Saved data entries
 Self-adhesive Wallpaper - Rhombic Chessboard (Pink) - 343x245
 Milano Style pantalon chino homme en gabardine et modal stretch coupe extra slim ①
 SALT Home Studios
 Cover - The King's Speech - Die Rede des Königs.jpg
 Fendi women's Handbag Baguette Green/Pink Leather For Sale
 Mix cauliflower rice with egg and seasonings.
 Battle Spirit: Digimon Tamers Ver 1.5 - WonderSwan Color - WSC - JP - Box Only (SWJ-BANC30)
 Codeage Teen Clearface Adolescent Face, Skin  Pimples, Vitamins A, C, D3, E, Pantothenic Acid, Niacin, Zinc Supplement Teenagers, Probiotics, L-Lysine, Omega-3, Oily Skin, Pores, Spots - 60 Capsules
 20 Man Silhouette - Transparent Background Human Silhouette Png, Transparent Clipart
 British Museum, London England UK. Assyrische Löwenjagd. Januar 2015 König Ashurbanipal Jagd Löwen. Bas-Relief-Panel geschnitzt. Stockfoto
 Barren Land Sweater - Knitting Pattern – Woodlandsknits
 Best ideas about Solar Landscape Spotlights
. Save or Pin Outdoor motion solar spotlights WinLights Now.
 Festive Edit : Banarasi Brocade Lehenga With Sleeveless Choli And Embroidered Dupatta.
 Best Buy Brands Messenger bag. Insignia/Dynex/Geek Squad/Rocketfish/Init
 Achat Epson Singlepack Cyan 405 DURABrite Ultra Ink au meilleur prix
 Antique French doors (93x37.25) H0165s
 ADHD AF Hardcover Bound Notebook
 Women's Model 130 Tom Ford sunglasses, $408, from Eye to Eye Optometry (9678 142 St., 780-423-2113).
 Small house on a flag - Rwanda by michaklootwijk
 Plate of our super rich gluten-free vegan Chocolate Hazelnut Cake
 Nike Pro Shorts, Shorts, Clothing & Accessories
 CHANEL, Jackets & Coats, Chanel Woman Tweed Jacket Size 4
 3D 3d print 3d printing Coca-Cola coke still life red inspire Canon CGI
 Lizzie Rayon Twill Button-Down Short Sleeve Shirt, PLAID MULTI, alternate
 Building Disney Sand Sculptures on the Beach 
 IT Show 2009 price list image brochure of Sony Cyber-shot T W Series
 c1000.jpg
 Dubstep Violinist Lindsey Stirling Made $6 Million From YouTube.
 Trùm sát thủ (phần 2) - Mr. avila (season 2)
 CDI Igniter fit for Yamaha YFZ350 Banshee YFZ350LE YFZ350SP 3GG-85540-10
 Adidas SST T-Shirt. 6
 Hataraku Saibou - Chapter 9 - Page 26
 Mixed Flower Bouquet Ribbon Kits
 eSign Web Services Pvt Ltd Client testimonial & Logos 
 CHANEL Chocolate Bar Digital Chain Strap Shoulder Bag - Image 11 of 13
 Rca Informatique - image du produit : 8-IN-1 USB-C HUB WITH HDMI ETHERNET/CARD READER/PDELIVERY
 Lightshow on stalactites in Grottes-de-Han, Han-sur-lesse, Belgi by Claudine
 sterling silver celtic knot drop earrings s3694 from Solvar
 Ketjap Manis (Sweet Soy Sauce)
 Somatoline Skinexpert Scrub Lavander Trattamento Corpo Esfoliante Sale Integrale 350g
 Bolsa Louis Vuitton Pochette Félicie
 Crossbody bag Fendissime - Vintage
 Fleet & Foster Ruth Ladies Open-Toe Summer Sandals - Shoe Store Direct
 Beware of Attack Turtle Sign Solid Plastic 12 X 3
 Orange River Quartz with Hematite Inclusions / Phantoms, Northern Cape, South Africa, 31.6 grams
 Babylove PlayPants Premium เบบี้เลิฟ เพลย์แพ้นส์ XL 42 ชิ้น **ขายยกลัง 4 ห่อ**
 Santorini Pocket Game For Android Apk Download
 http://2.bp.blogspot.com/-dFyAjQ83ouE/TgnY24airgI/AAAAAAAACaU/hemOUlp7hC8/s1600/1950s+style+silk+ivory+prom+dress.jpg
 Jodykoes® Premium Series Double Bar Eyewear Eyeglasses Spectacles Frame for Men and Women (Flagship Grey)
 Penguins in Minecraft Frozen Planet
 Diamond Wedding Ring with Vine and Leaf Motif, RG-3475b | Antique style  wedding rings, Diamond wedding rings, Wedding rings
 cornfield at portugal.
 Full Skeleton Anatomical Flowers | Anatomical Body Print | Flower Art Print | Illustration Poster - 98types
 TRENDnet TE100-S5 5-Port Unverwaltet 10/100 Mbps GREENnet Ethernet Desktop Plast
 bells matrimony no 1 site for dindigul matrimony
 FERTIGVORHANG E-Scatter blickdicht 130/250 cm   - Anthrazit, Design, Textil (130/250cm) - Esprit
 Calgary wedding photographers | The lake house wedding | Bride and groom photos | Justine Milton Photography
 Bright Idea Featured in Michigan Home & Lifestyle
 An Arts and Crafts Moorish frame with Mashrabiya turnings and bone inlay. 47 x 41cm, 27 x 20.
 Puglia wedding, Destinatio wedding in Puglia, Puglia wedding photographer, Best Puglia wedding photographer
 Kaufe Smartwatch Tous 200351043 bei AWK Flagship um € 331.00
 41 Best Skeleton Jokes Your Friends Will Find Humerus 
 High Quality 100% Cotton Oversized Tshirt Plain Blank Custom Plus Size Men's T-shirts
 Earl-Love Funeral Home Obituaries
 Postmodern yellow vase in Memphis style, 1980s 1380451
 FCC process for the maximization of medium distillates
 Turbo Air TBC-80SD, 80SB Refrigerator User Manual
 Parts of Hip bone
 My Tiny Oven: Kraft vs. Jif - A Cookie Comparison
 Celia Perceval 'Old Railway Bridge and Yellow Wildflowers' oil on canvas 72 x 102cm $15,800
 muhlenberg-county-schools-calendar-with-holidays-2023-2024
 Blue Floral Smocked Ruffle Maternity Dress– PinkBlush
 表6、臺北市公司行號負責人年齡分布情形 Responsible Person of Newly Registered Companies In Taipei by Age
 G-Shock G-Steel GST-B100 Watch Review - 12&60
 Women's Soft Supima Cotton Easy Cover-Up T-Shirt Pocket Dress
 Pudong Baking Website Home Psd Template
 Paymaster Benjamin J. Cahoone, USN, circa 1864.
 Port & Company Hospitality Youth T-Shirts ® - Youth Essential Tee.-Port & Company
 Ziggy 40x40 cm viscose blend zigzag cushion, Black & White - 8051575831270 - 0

**TRY IT:** Could you return every line from the entries above in which the string "wedding" occurs?

**TASK ANSWER:**
 Diamond Wedding Ring with Vine and Leaf Motif, RG-3475b | Antique style  wedding rings, Diamond wedding rings, Wedding rings
 Calgary wedding photographers | The lake house wedding | Bride and groom photos | Justine Milton Photography
 Puglia wedding, Destinatio wedding in Puglia, Puglia wedding photographer, Best Puglia wedding photographer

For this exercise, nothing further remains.